## SUPPLIED MATERIAL
_ _ _ _ _ _ _

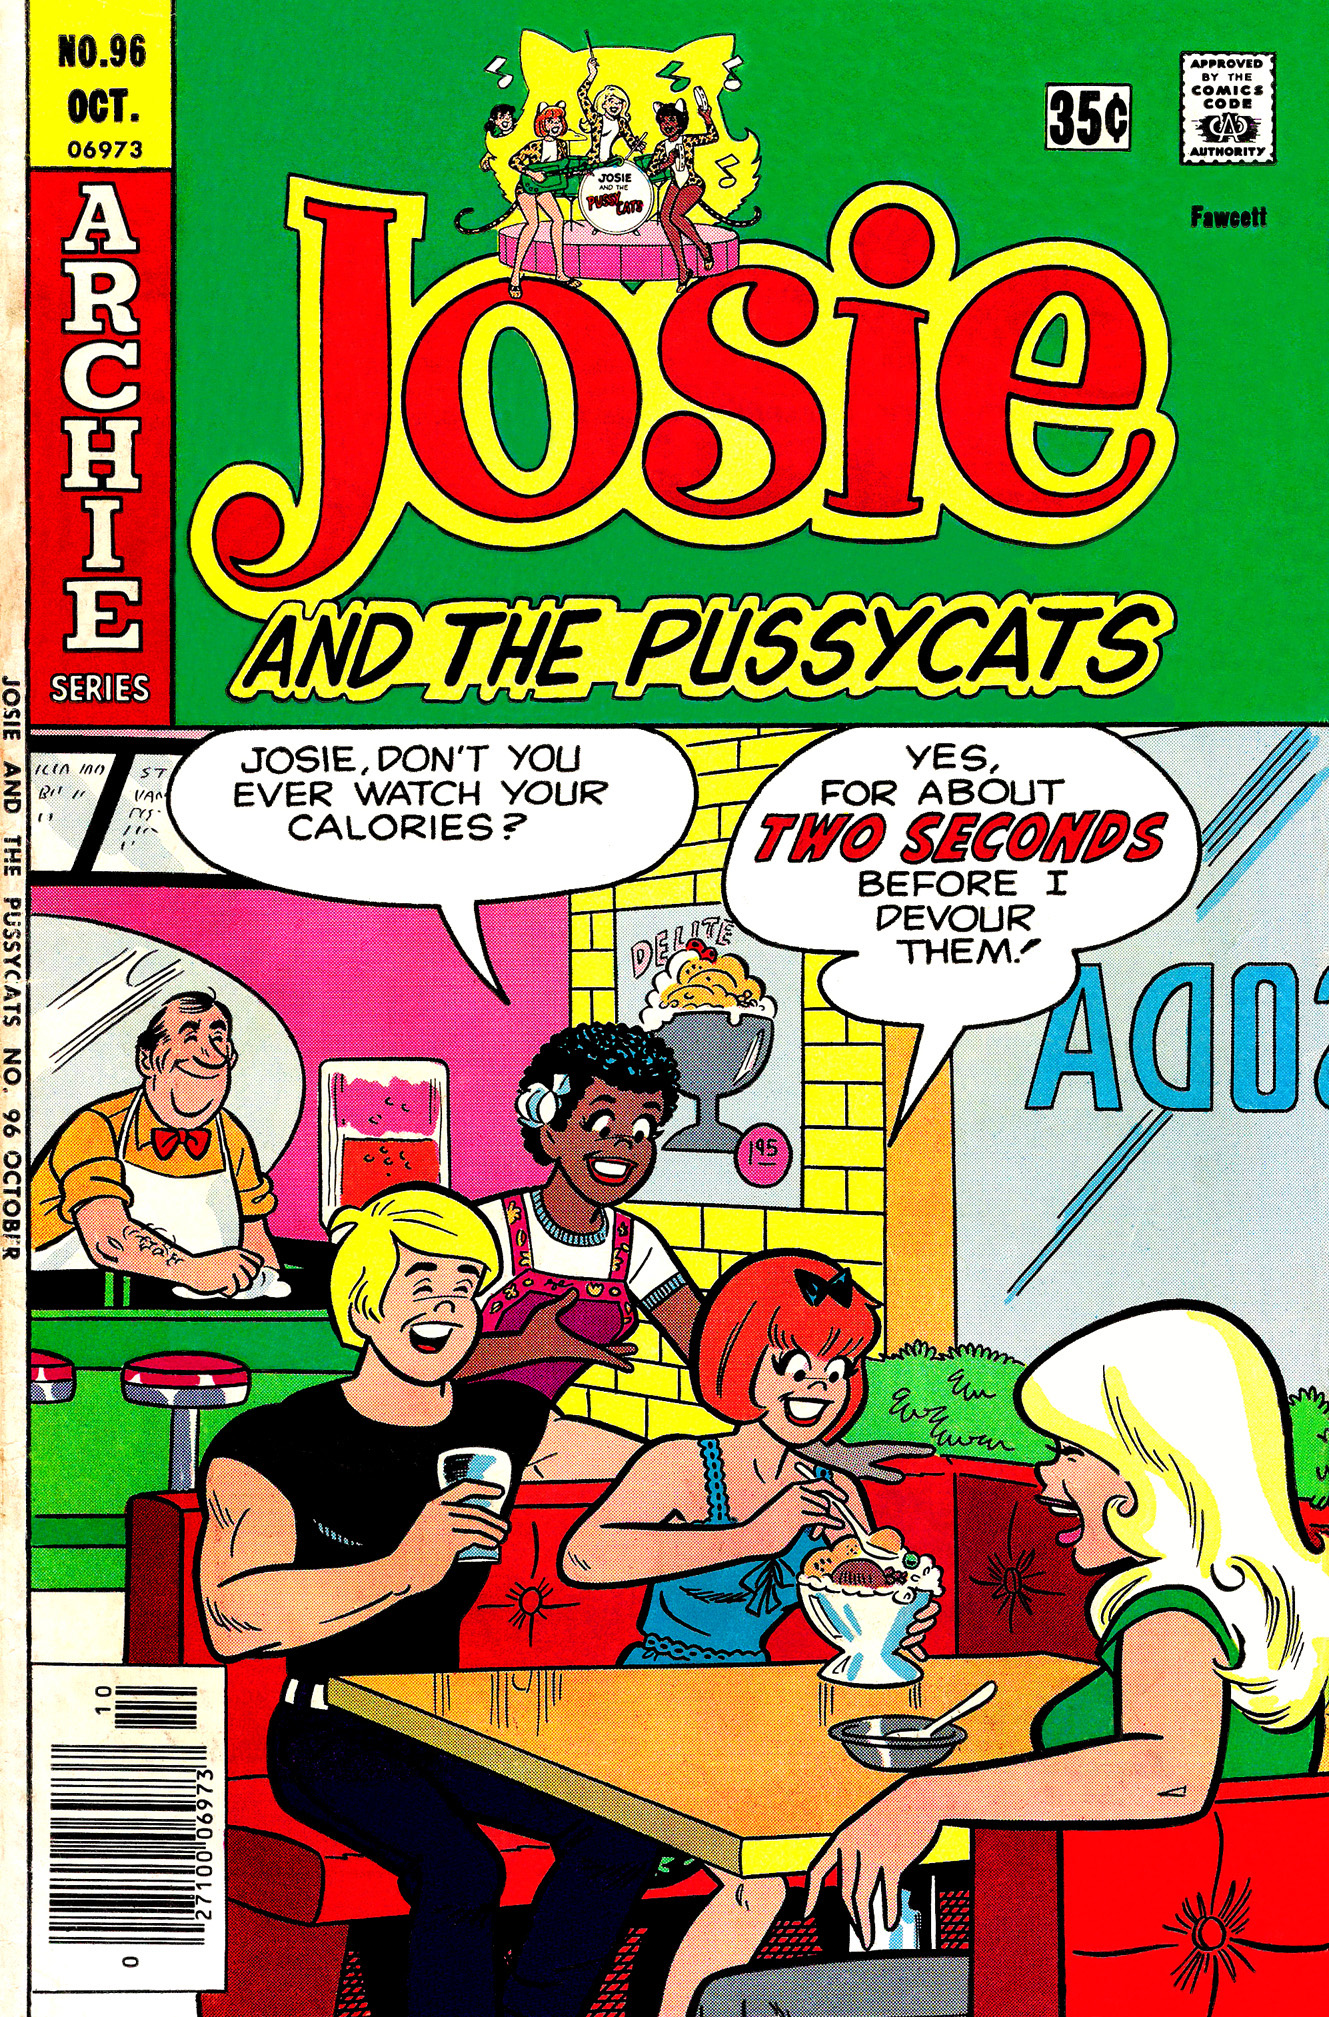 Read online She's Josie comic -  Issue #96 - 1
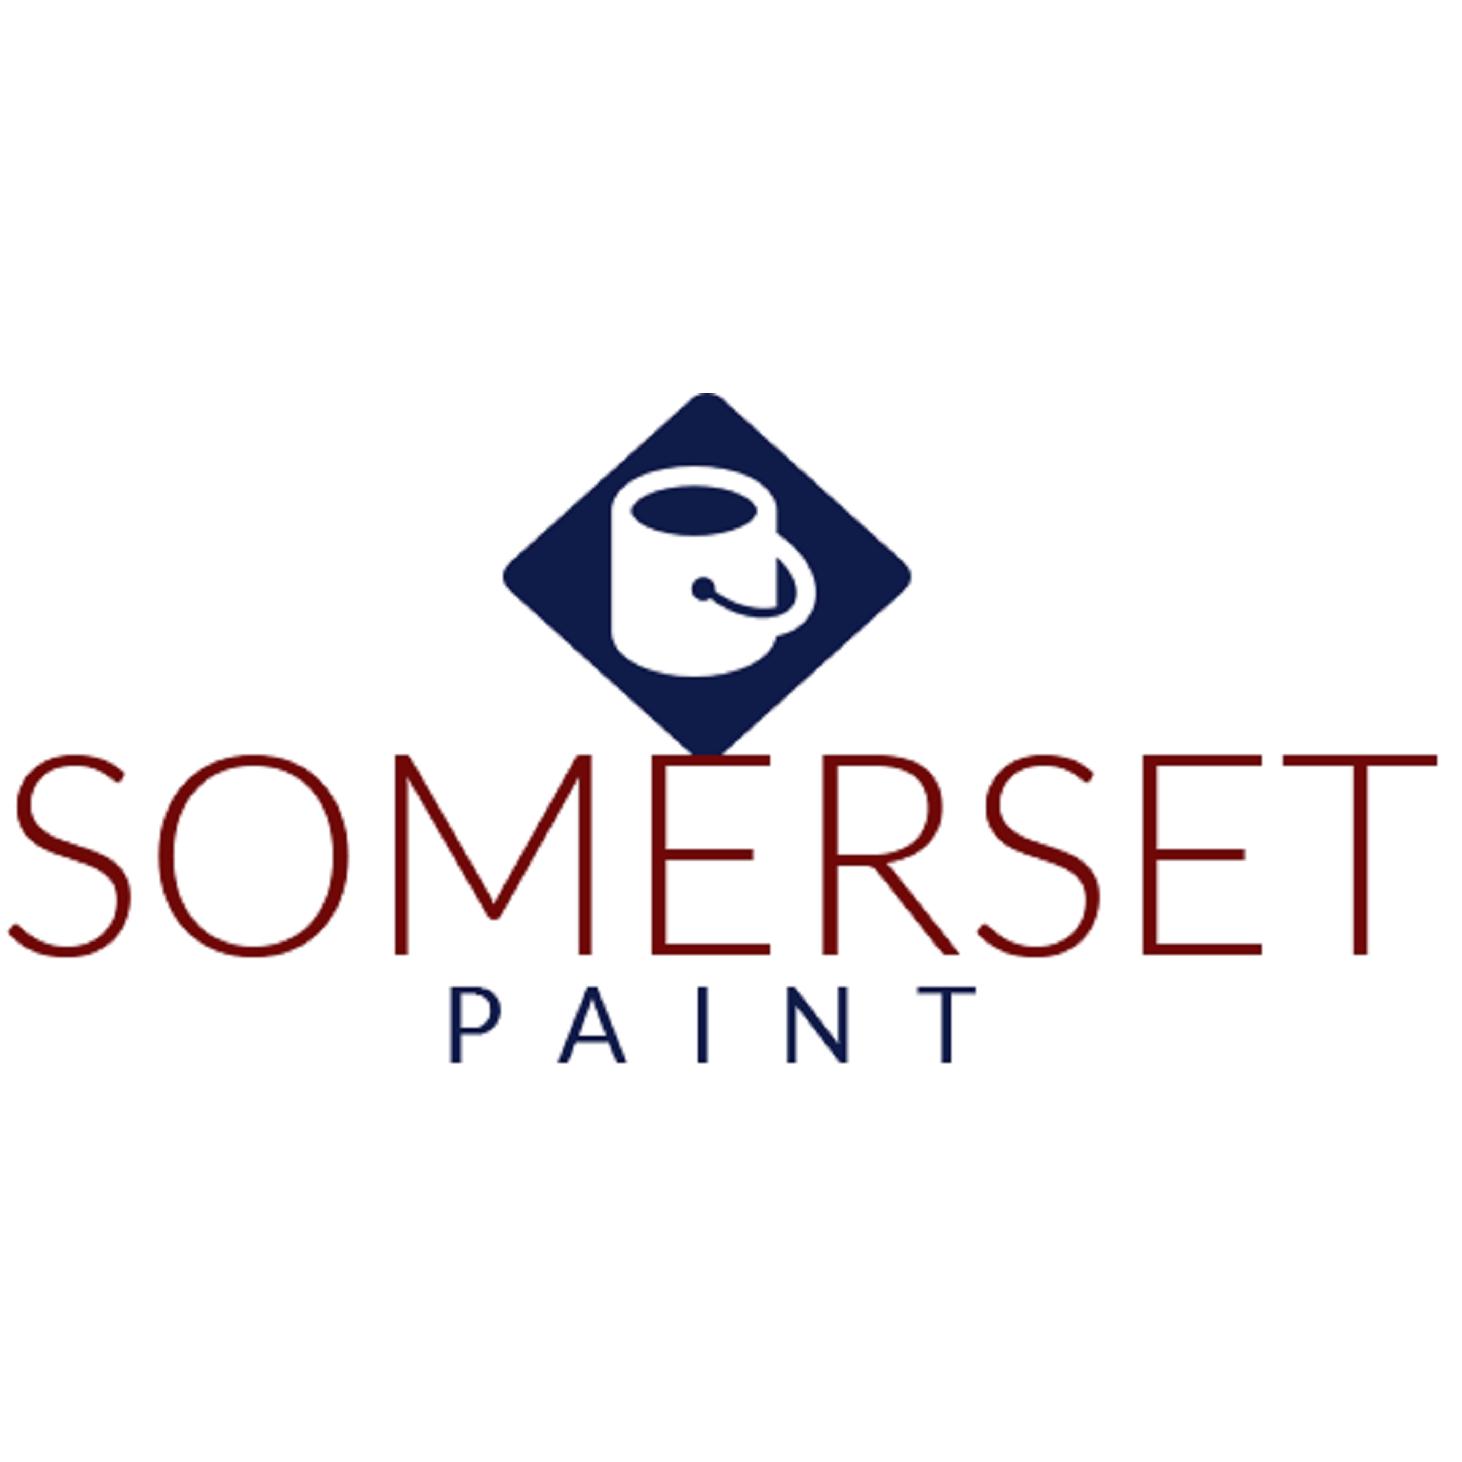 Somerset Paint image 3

_ _ _ _ _ _ _

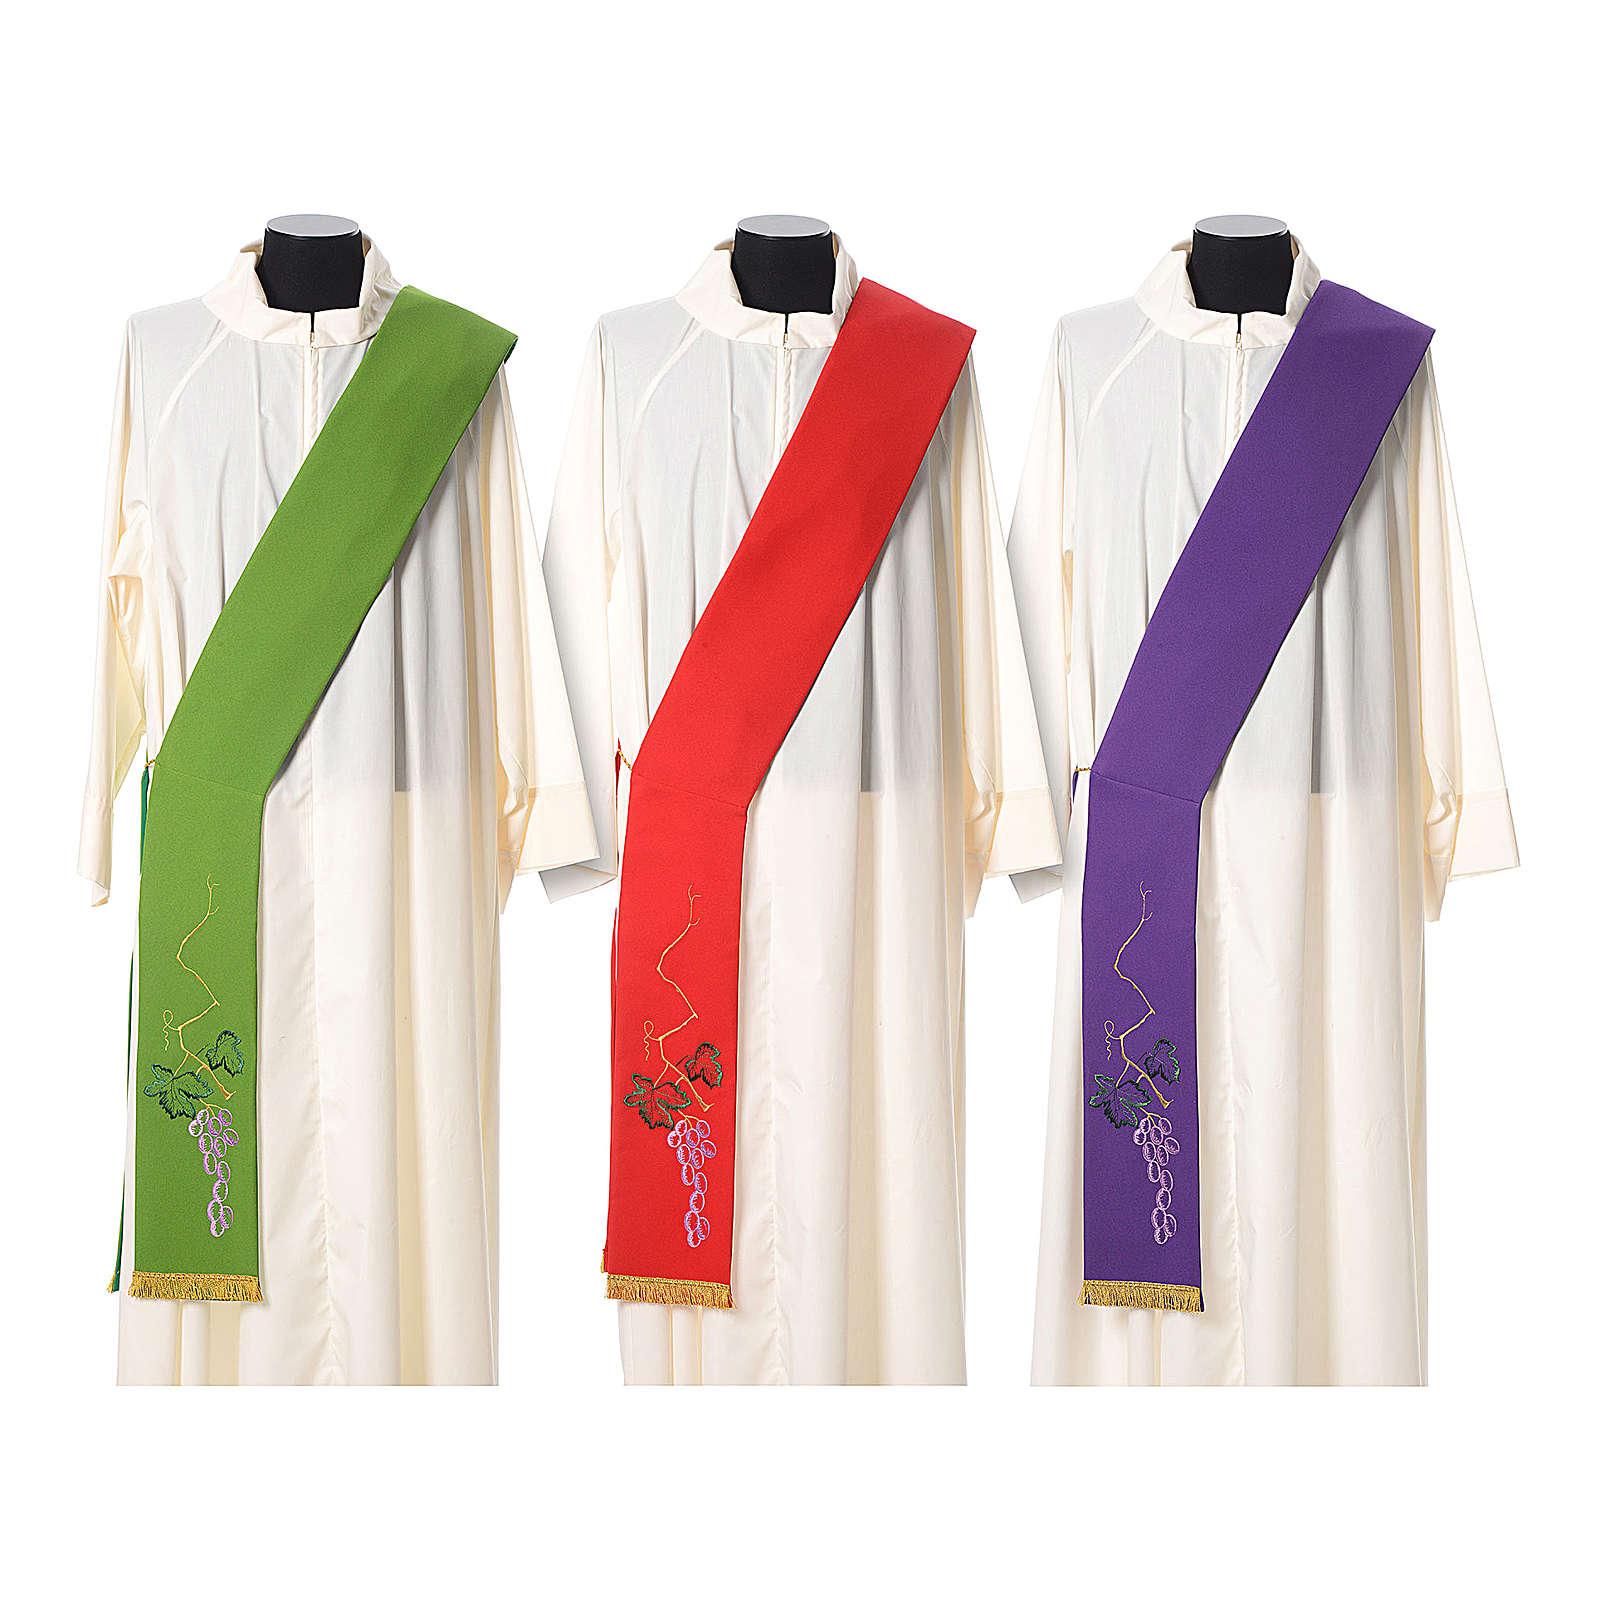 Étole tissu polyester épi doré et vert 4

_ _ _ _ _ _ _

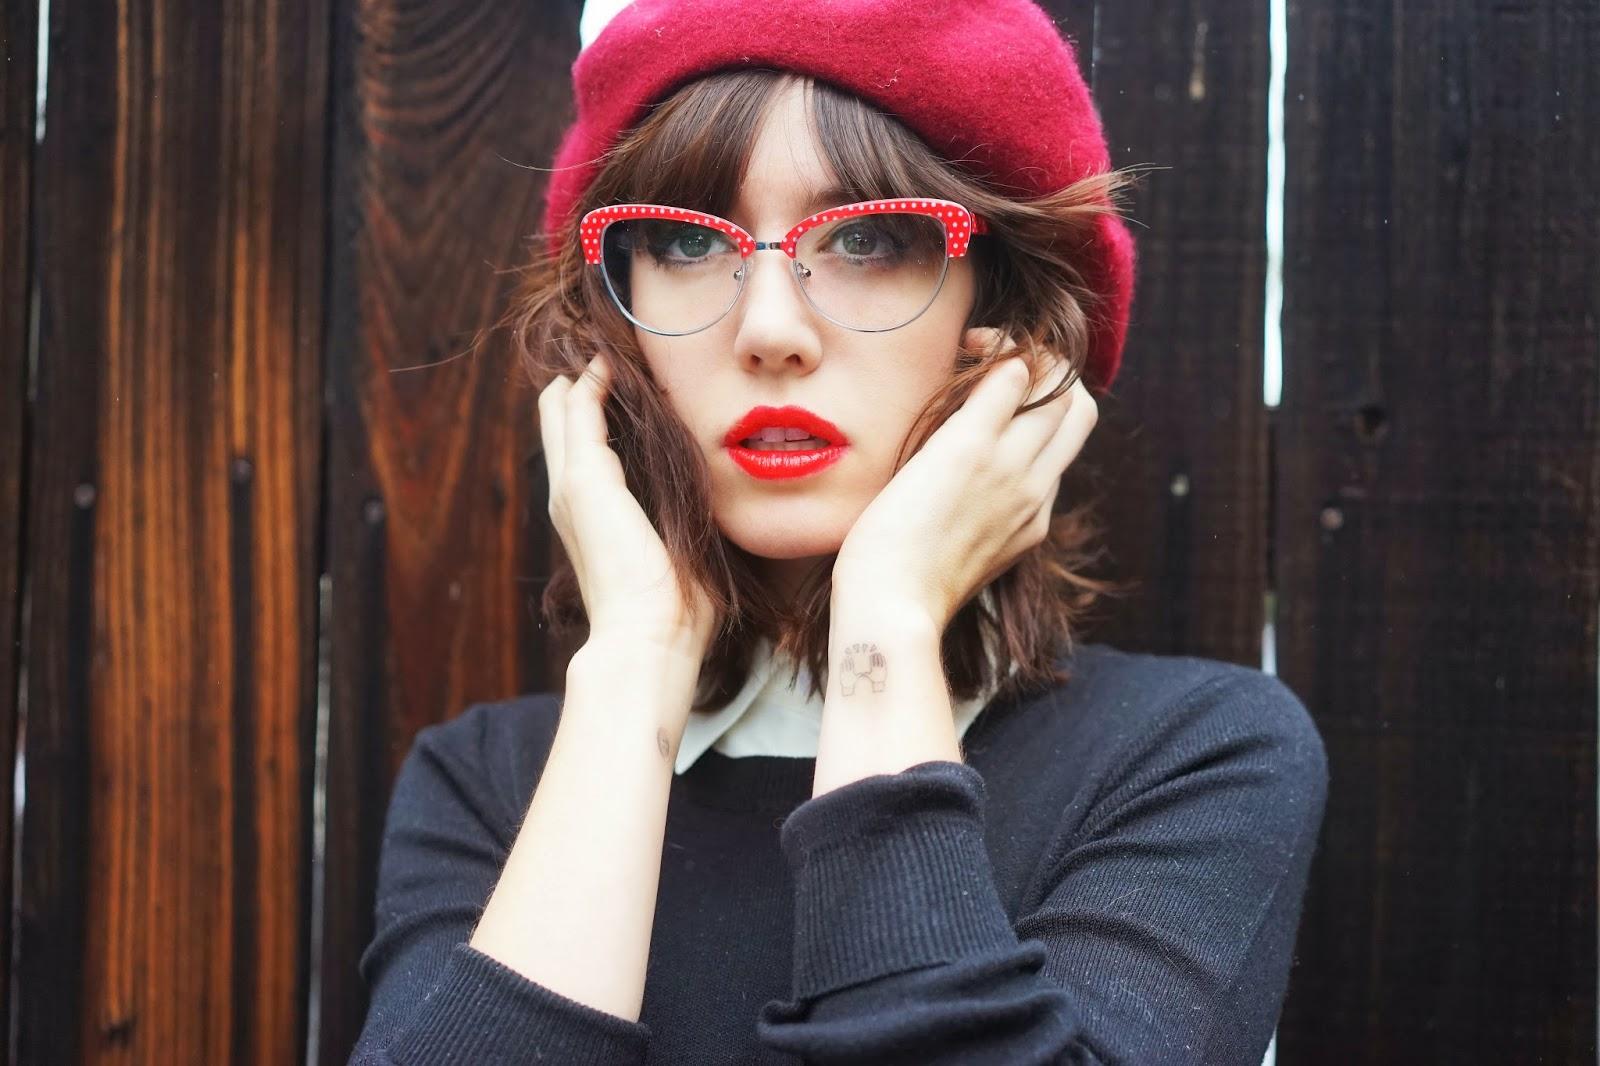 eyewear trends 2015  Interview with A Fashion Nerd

_ _ _ _ _ _ _

## TASK BRIEF
Using the material above, transcribe exactly the lines from the one holding "Read online She's" to the one holding "Somerset Paint image 3", both ends kept. Do not carry over any pictures.

## SOLUTION BELOW
 Read online She's Josie comic -  Issue #96 - 1
 Somerset Paint image 3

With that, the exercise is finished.